5. De verweren in conventie en in reconventie
Deze strekken ertoe dat de rechtbank de vorderingen van partijen over en weer zal afwijzen en de eisende partij in de kosten van de procedure zal veroordelen.
6. De stellingen in conventie en in reconventie
De verschenen partijen voeren de nodige inhoudelijke stellingen aan, deels aan de hand van producties. Hun argumenten worden hierna besproken, voorzover zij althans relevant blijken voor de uitkomst van de procedure.
7. De beoordeling in conventie en in reconventie
7.1. Vooropgesteld wordt dat tussen de gemeente en [X] een privaatrechtelijk dienstverband bestaat en dat de gemeente hem aanspreekt terzake van schade ontstaan door zijn handelingen in het kader hiervan. Dit betekent dat de Sector Kanton van deze rechtbank bevoegd is van deze zaak kennis te nemen, nu immers de wet niet voorziet in een regeling van de zogenaamde subjectieve cumulatie. Gelet echter op de omstandigheid dat geen van partijen een verwijzing verzoekt, komt het de rechtbank vanuit een oogpunt van procesefficiency dienstig voor om de zaak, voorzover het betreft [X], niet te verwijzen.
7.2. Zakelijk samengevat komen de stellingen van de gemeente ten aanzien van [X] op het volgende neer. Zij verwijst naar het voormelde strafvonnis van deze rechtbank d.d. 2 maart 2004 alsmede naar het arrest van het Gerechtshof d.d. 8 juli 2005. Deze uitspraken leveren dwingend bewijs op terwijl [X] bij antwoord impliciet erkent, hetgeen in het arrest (zie alinea 2.2.) is overwogen. Dit is een onrechtmatige daad van [X] jegens de gemeente.
7.3. [X] betwist zich schuldig te hebben gemaakt aan fraude, nu de uitspraken nog niet in kracht van gewijsde zijn gegaan. Daarnaast betwist hij het causaal verband tussen zijn handelen en de schade. Hij stelt daartoe dat niet zijn handeling, maar het geven van de betalingsopdracht aan de bank de handeling is die de schade heeft veroorzaakt. Als de daartoe geautoriseerde personen deze opdrachten niet hadden gegeven, was er ook geen schade ontstaan. Ook de gemeente zelf is deels aansprakelijk nu Boijmans Van Beuningen immers een beveiligingssysteem in stand heeft gehouden waarin grote lekken zaten. Zij hield zich niet aan het systeem van de twee handtekeningen. Voorts stelt [X] dat de schadebeperkende maatregelen van de gemeente averechts hebben gewerkt.

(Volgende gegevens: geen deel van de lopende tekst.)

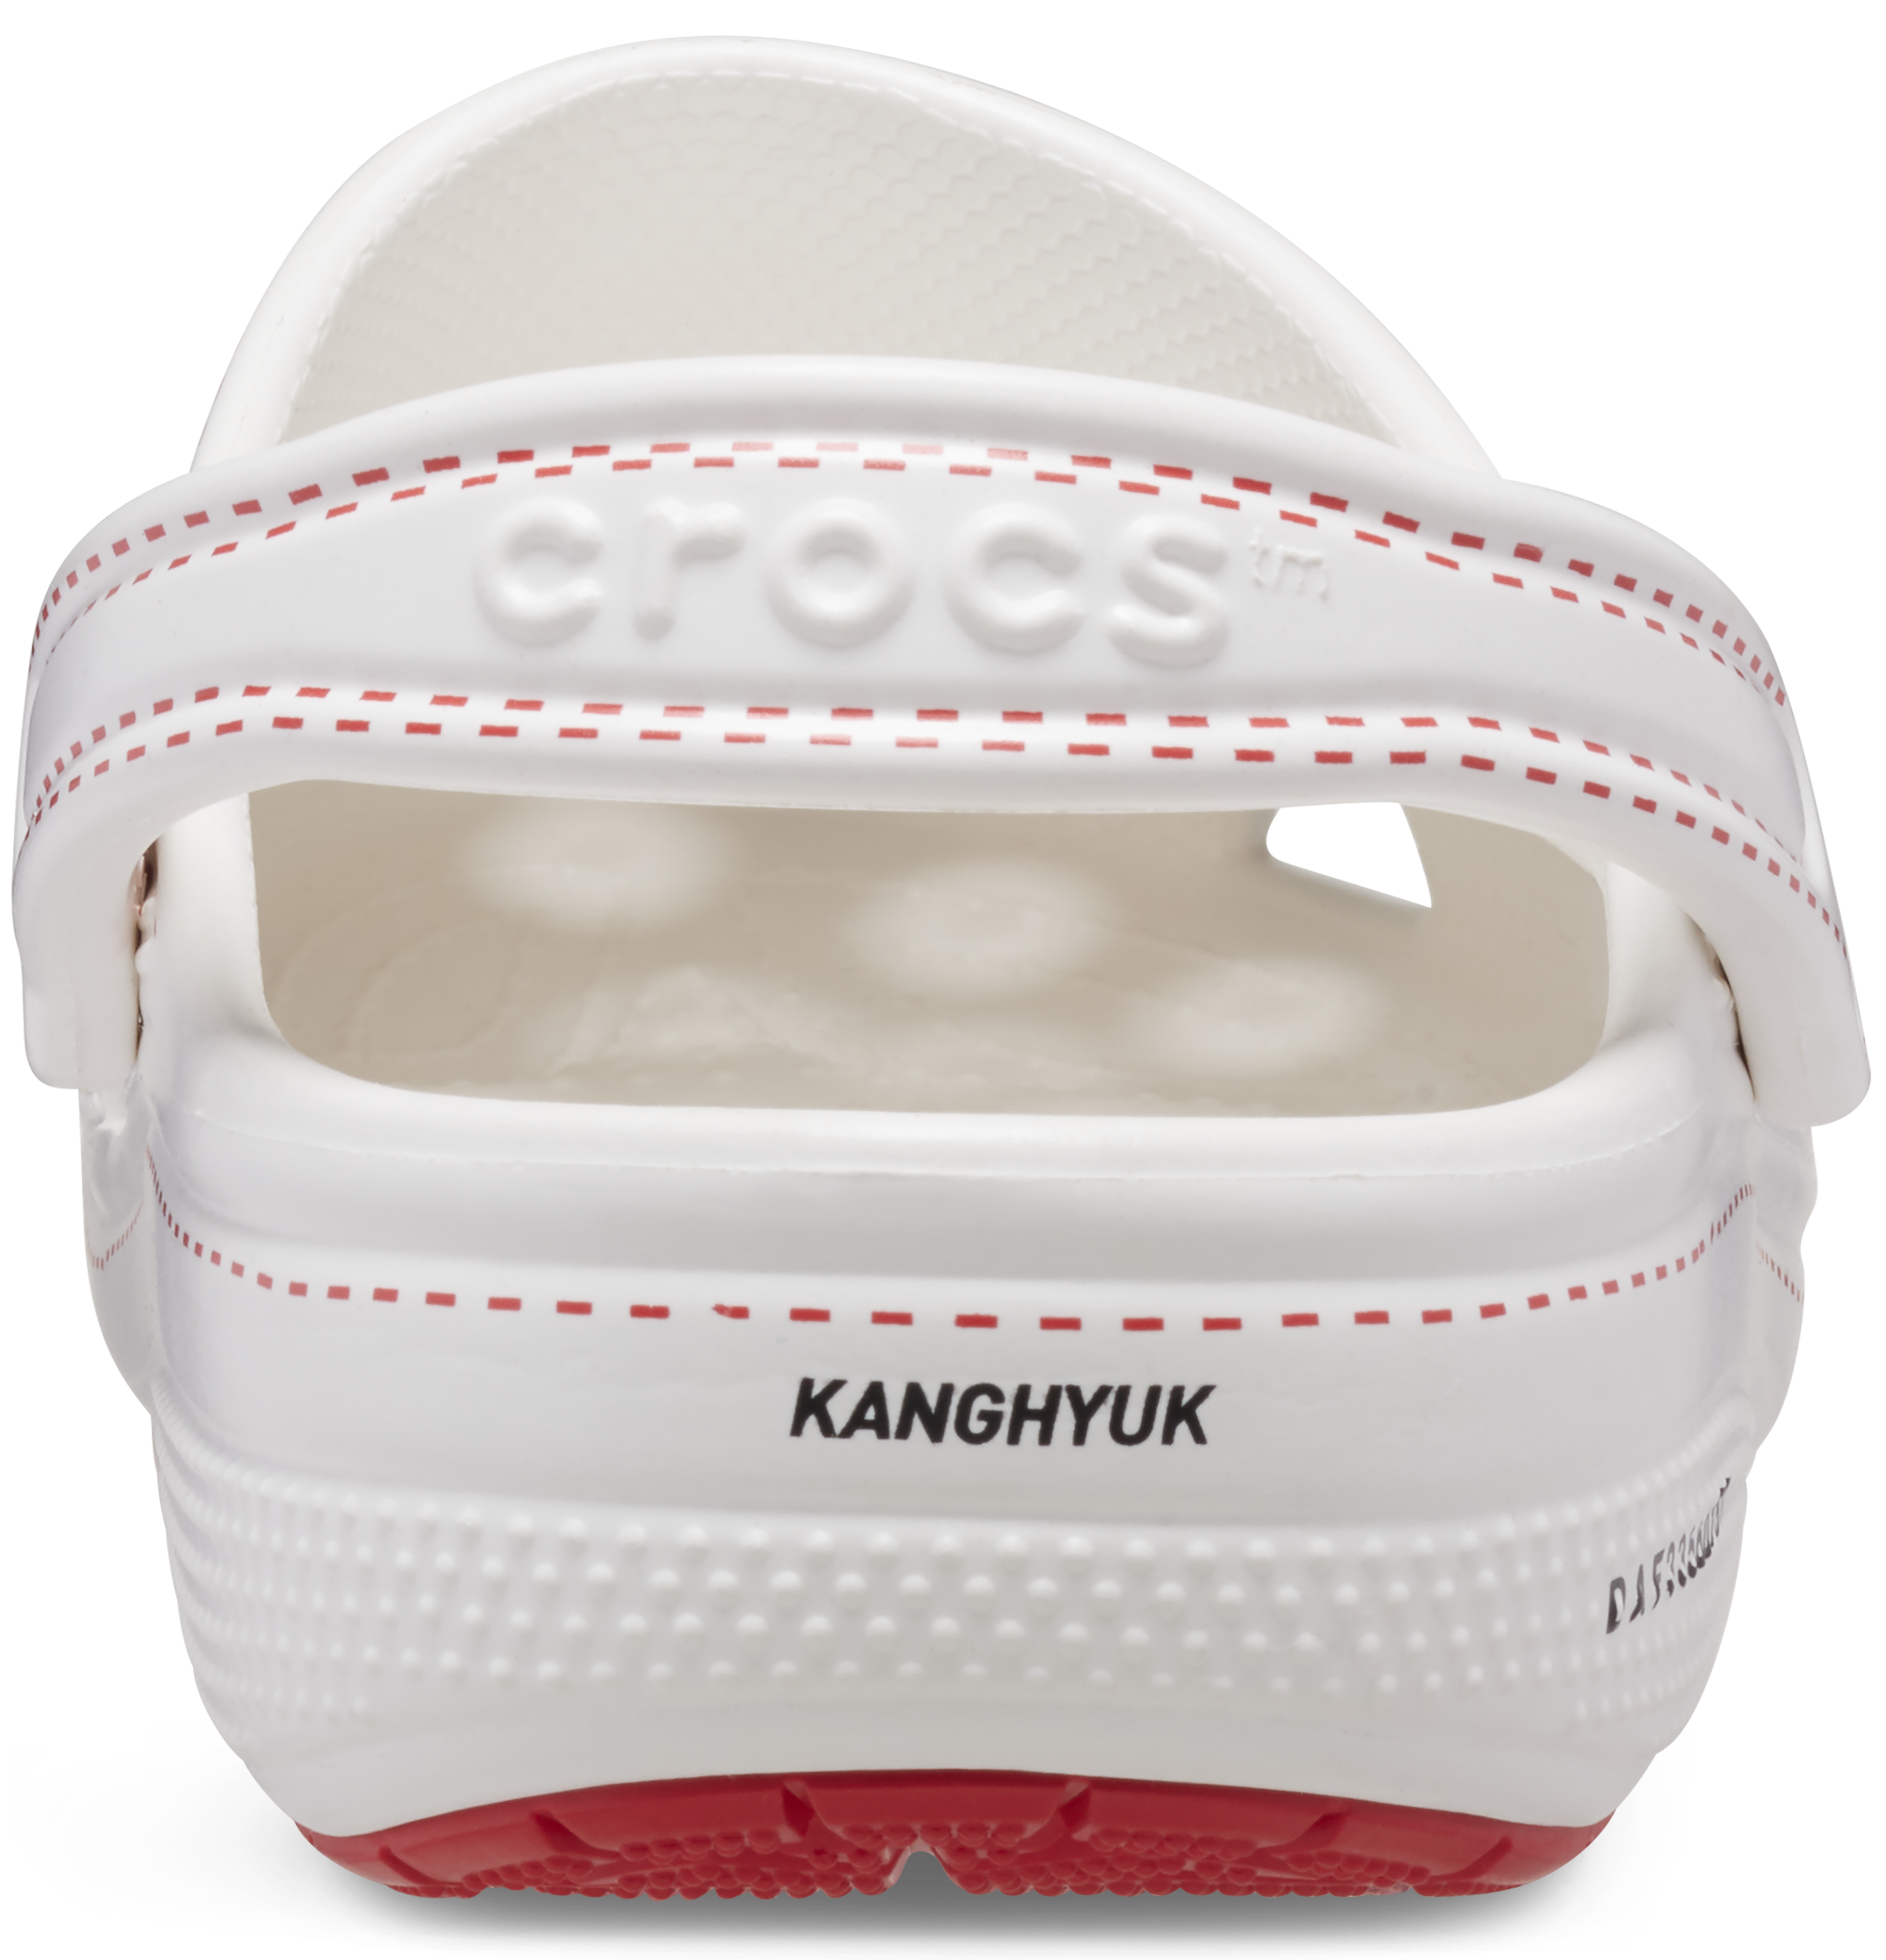 KANGHYUK X CROCS - WHITE / RED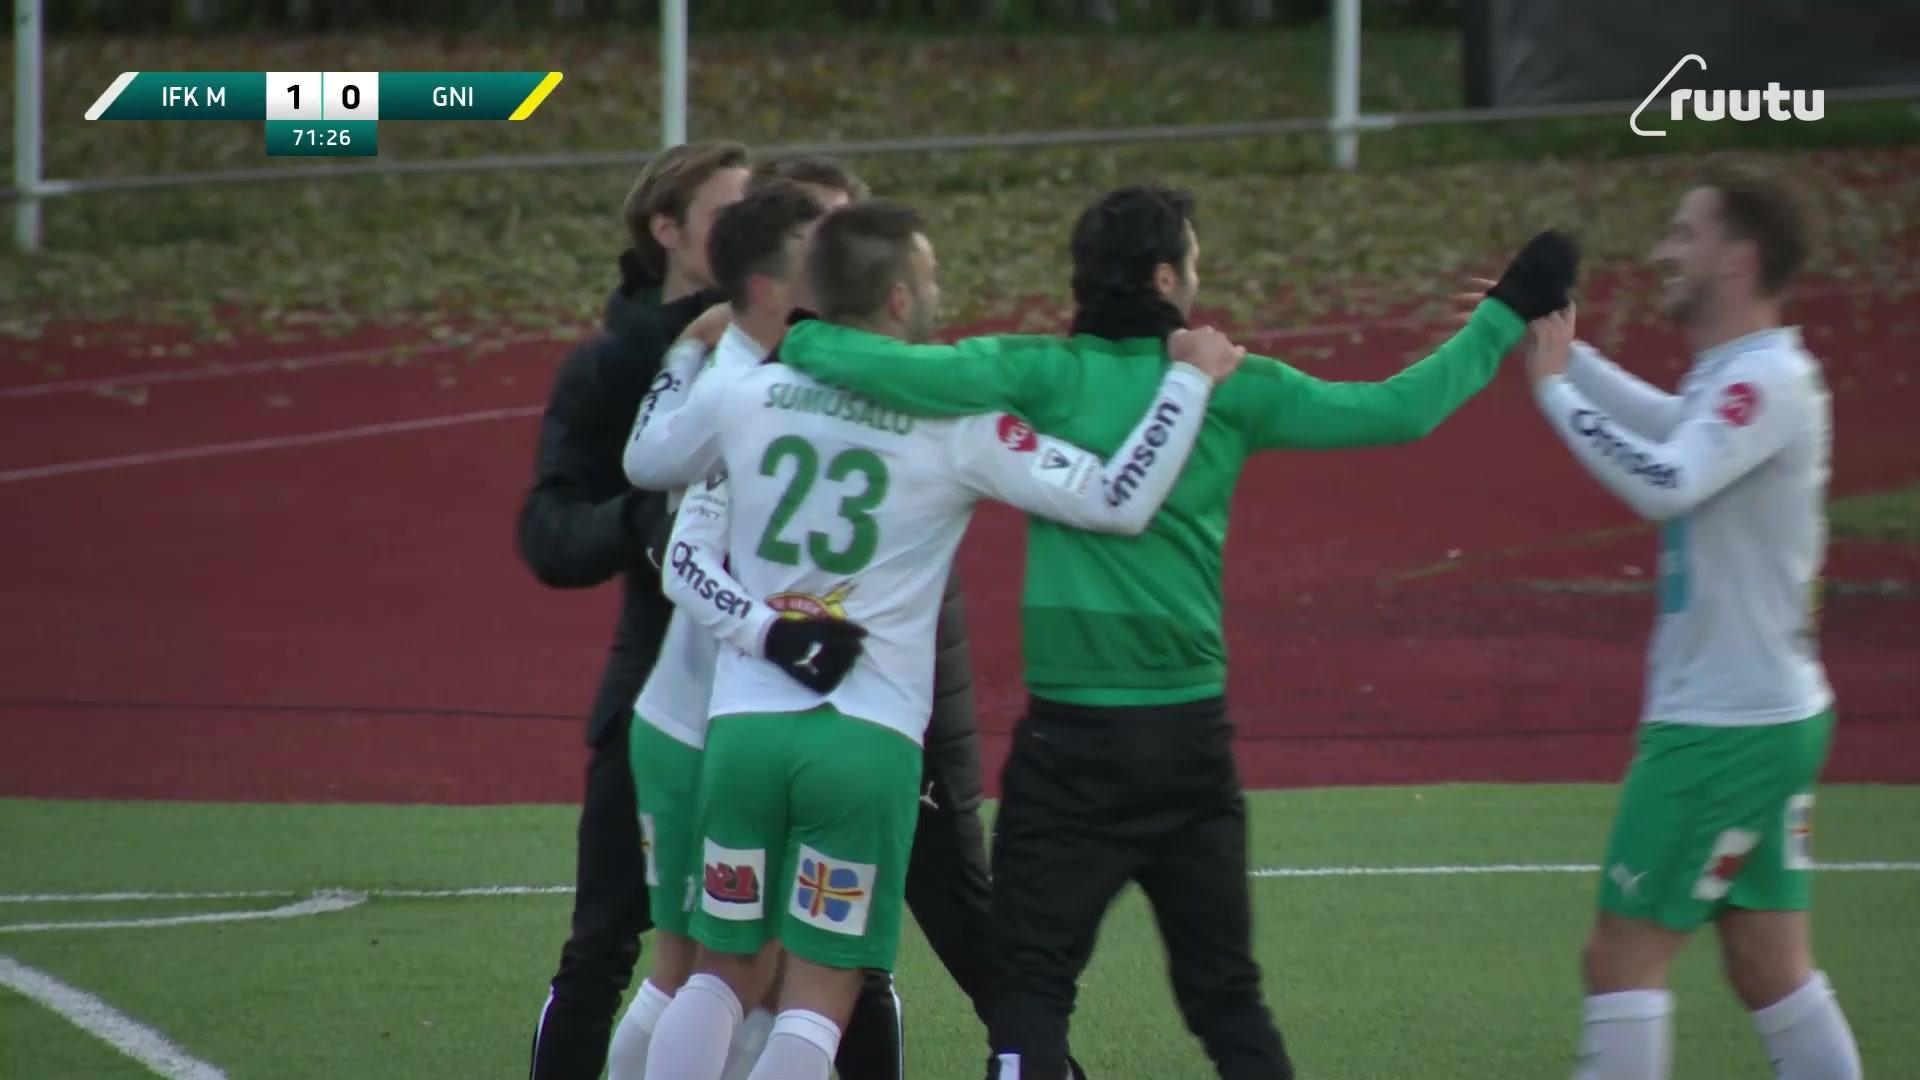 "Mikä minuutti!" - IFK Mariehamn maalaa tolpan jälkeisestä vastahyökkäyksestä!

7.4. De gemeente reageert hierop als volgt. Wel degelijk is er sprake van causaal verband. Er is sprake van het zogenaamde condicio sine qua non verband (hierna CSQN-verband). Indien [X] de opdrachten in het systeem niet zou hebben klaargezet, waren ze ook niet uitgevoerd en was er dus geen schade ontstaan. Ook juridisch kan de schade aan [X] worden toegerekend, nu hij opzettelijk een norm heeft overtreden, daartoe handelingen heeft uitgevoerd waardoor de gemeente is geschaad. Voorts geldt dat haar beveiligingssysteem niet mank ging aan gebreken, terwijl deze eventuele fouten niet in een CSQN-verband met de ingetreden schade staan. De gemeente betwist dat haar schadebeperkende maatregelen averechts hebben gewerkt.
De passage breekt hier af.